Für sehr wahrscheinlich halten die Kearney Experten, dass sich vor allem der europäische, stark fragmentierte Markt als Folge der COVID-19-Krise konsolidieren wird. „Wir erwarten in Europa eine „3 + 2-Konsolidierung“. Das bedeutet, dass die drei großen Hub- und Spoke-Fluggesellschaften (Lufthansa, IAG, Air France-KLM) und die beiden Punkt-zu-Punkt-Fluggesellschaften (Ryanair und Easyjet) Marktanteile gewinnen werden, während andere Fluggesellschaften zusammenbrechen. Einige Regierungen werden stark in ihre staatlichen Transportunternehmen investieren. Die Zukunft mehrerer mittelgroßer Fluggesellschaften ist hingegen derzeit mehr als ungewiss. Wir gehen davon aus, dass einige Staaten ihre Heimatgesellschaft loslassen müssen, auch wenn diese eine Tradition von oft mehr als 50 Jahren haben“, sagt Bensel.

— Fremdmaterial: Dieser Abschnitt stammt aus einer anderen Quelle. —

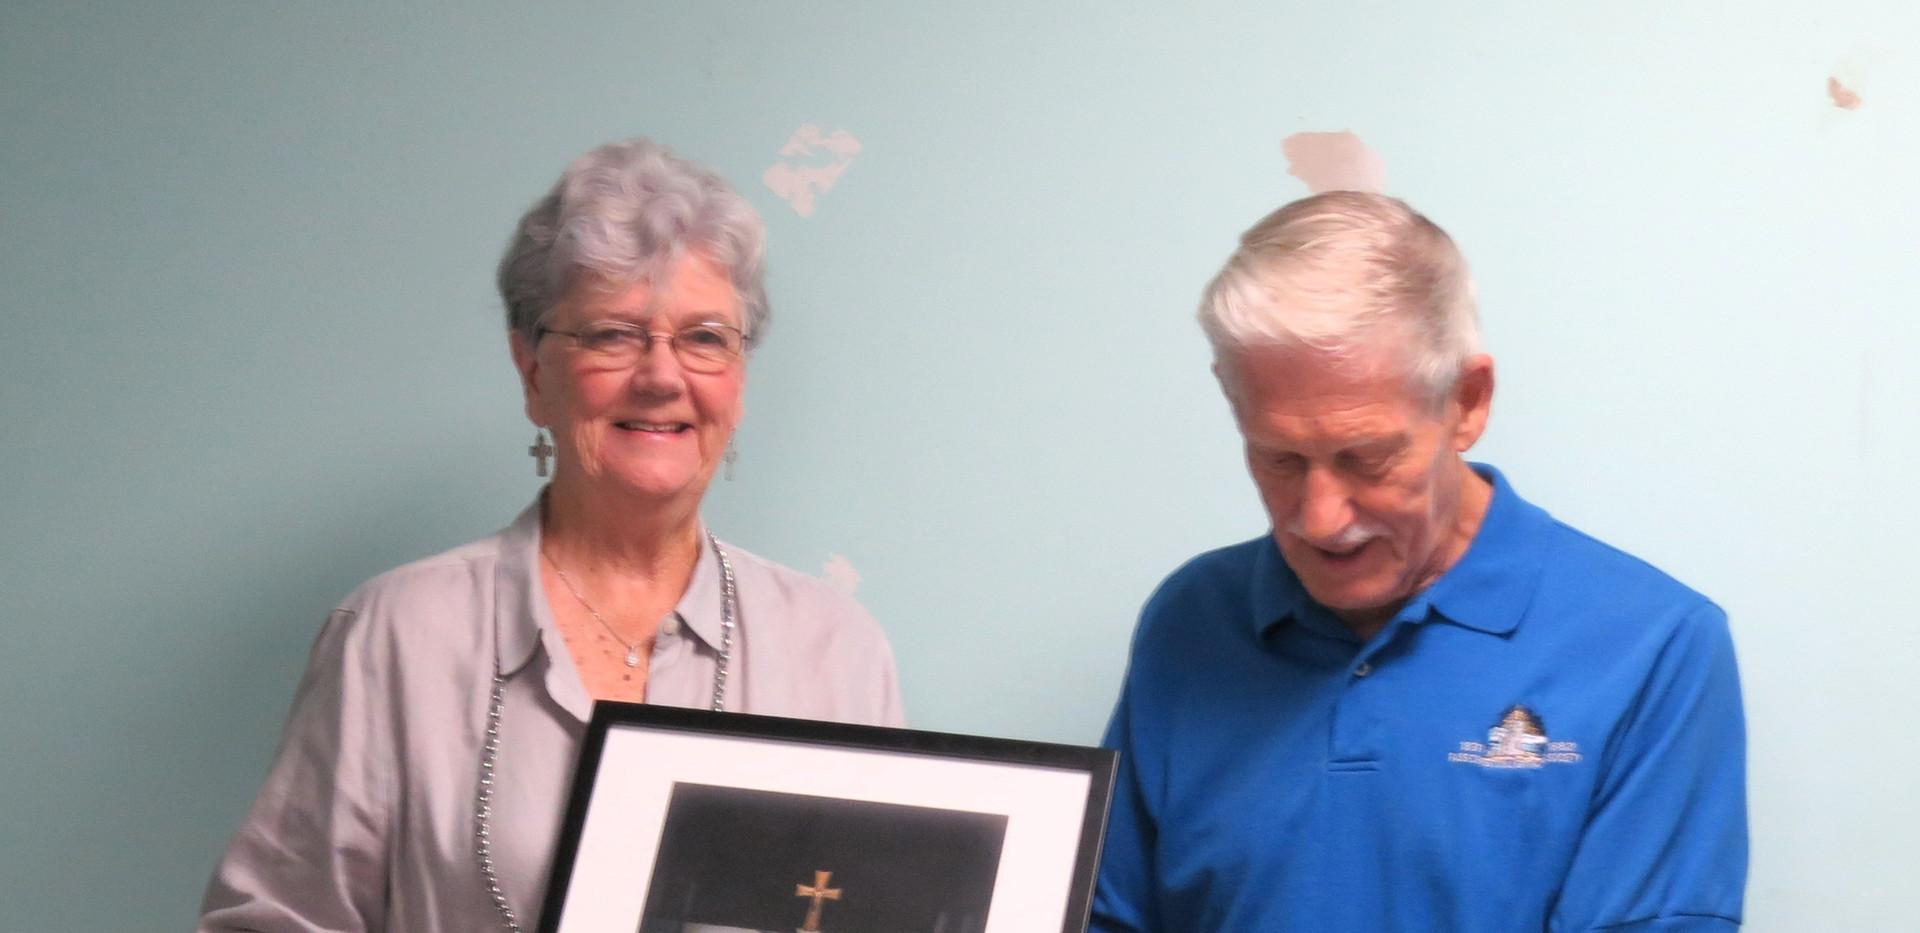 Donna H honoring Lou Rizzardi
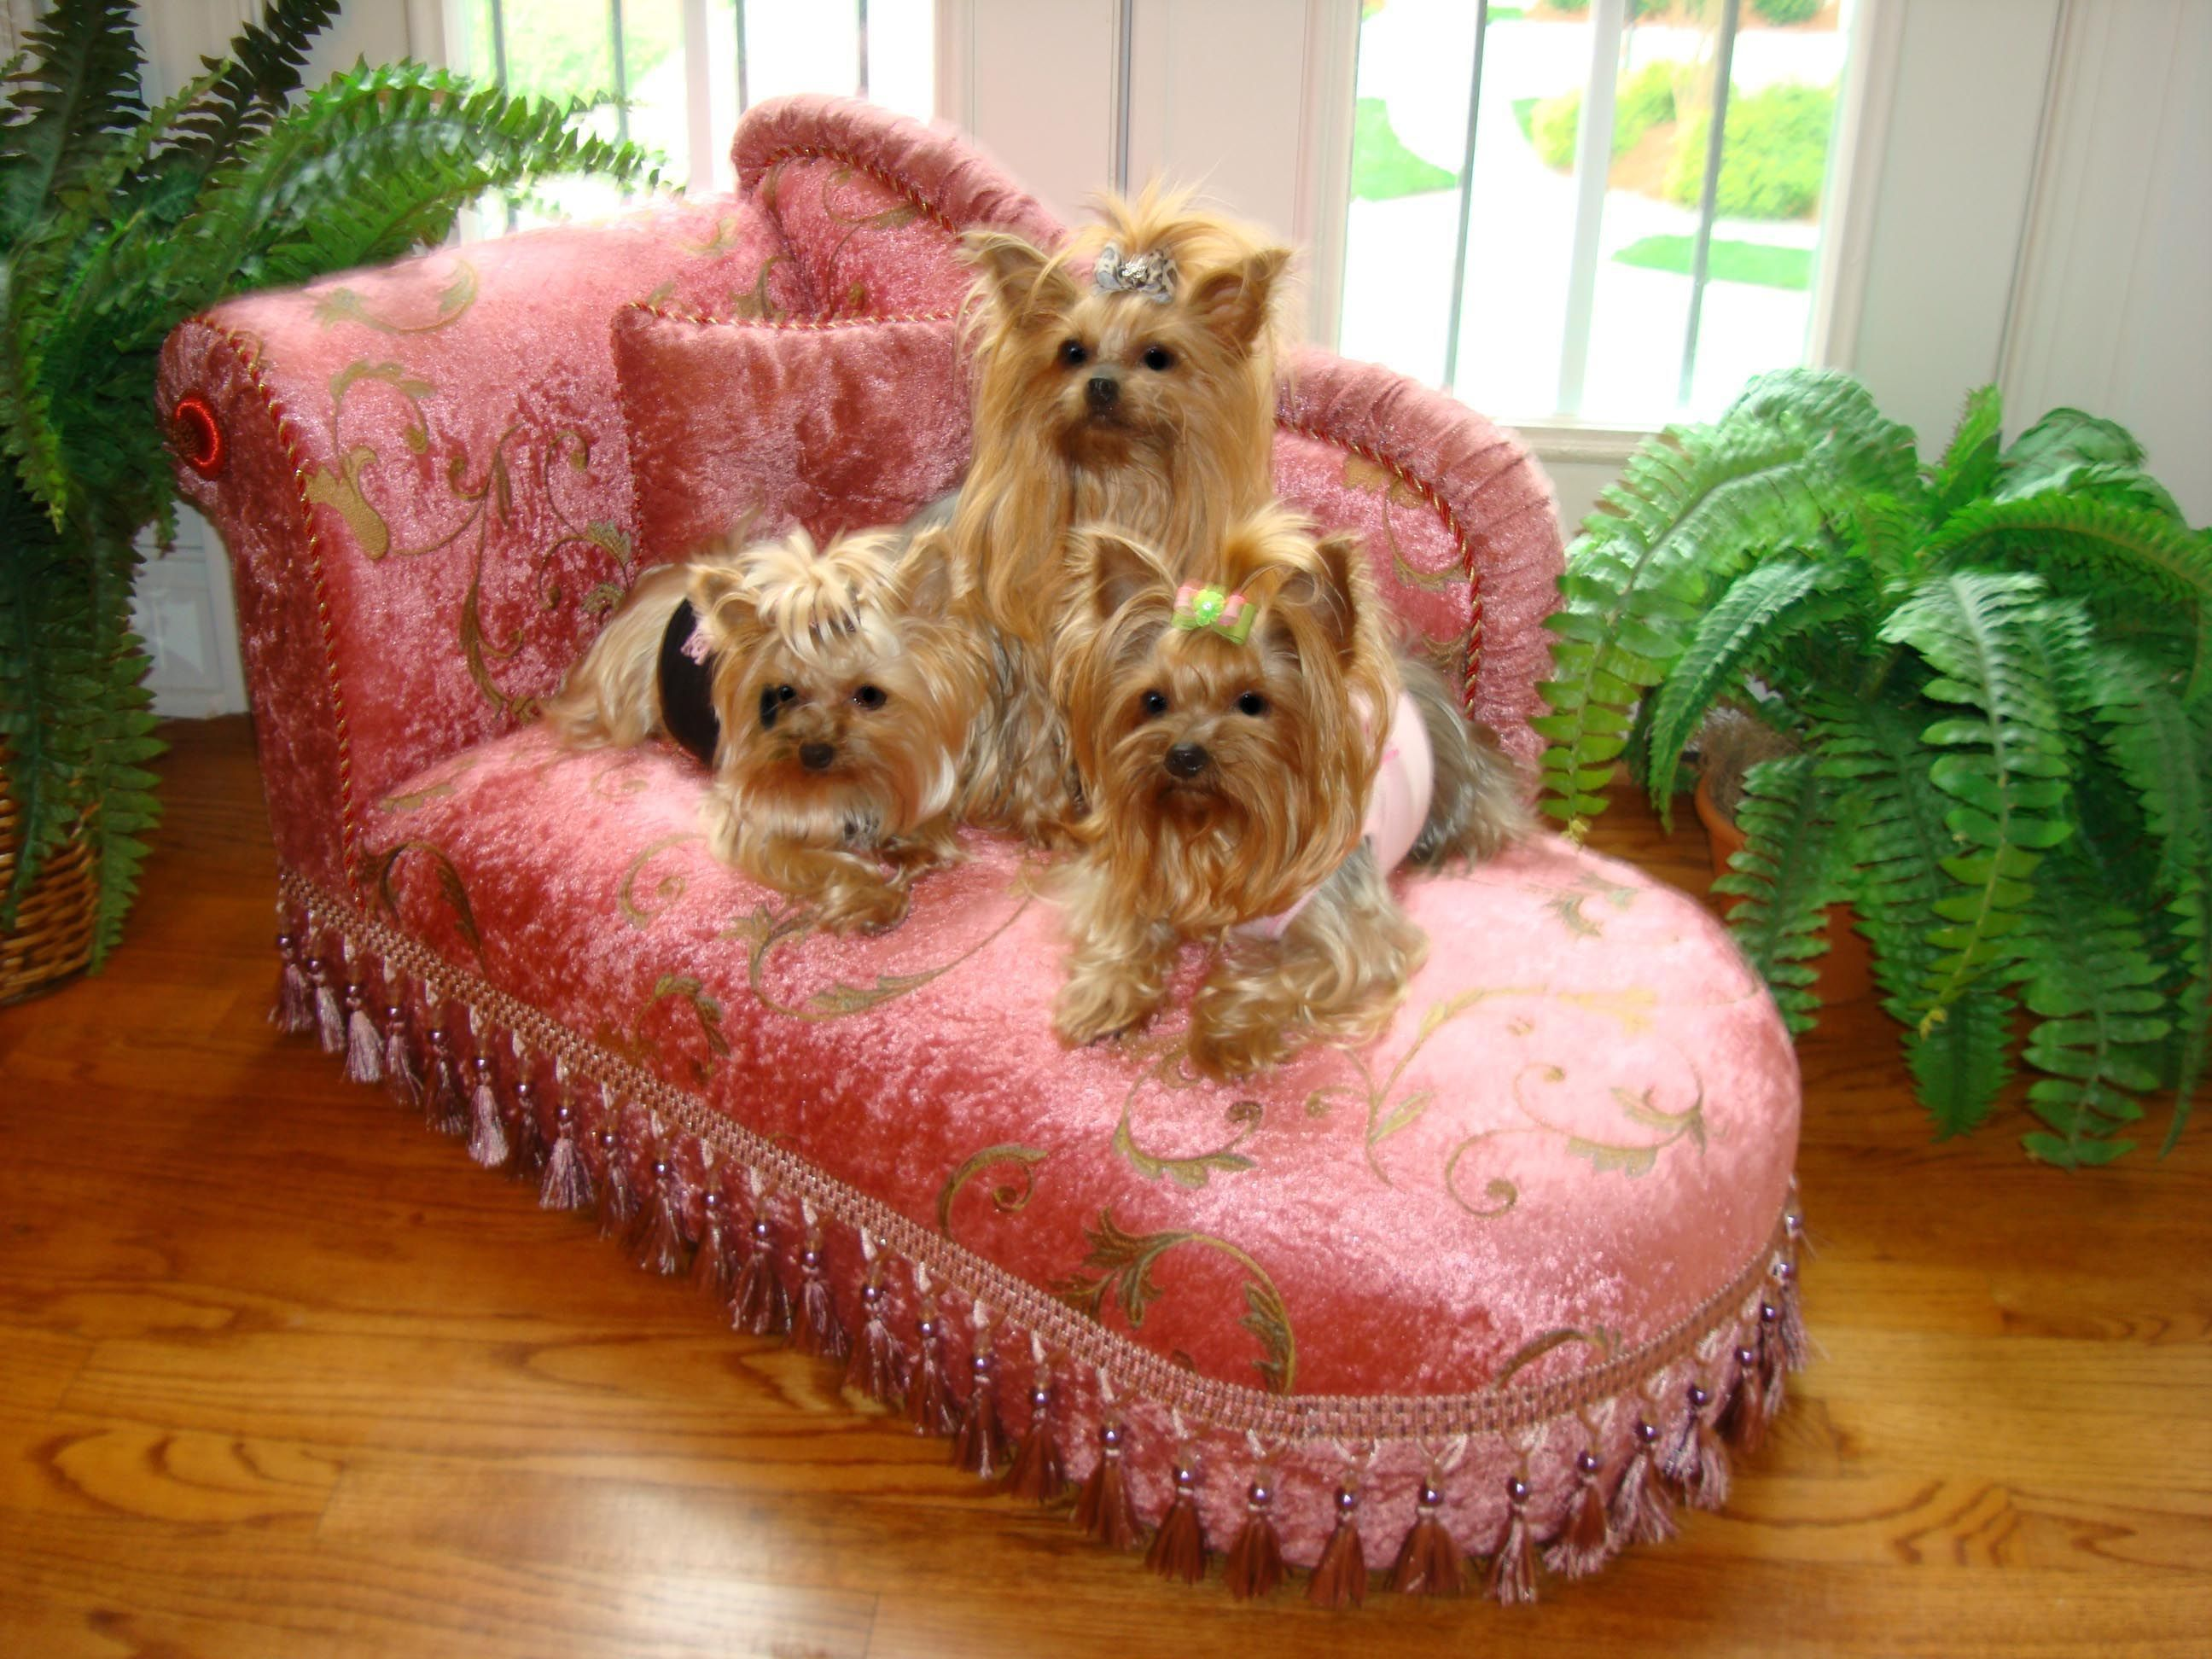 Google Image Result For Http Www Sassyyorkie Com V Vspfiles Assets Images United 2520k 9 2520yorkie 2520chaise 2 2520inch Jpg Yorkie Puppy Yorkie Yorkie Dogs

Für Fluggesellschaften, die es durch die Konsolidierungsphase schaffen, ist die Krise eine Chance. Die Korrektur könnte sich positiv auf das Gleichgewicht zwischen Angebot und Nachfrage sowie auf die wirtschaftliche Situation der verbleibenden Fluggesellschaften auswirken. Dies kann der gesamten Branche helfen, eine schon lange vorhandene Erkenntnis jetzt in Veränderung umzusetzen: dass für eine nachhaltige Zukunft extrem niedrige Sitzplatzpreise weder ökonomisch noch ökologisch sinnvoll sind.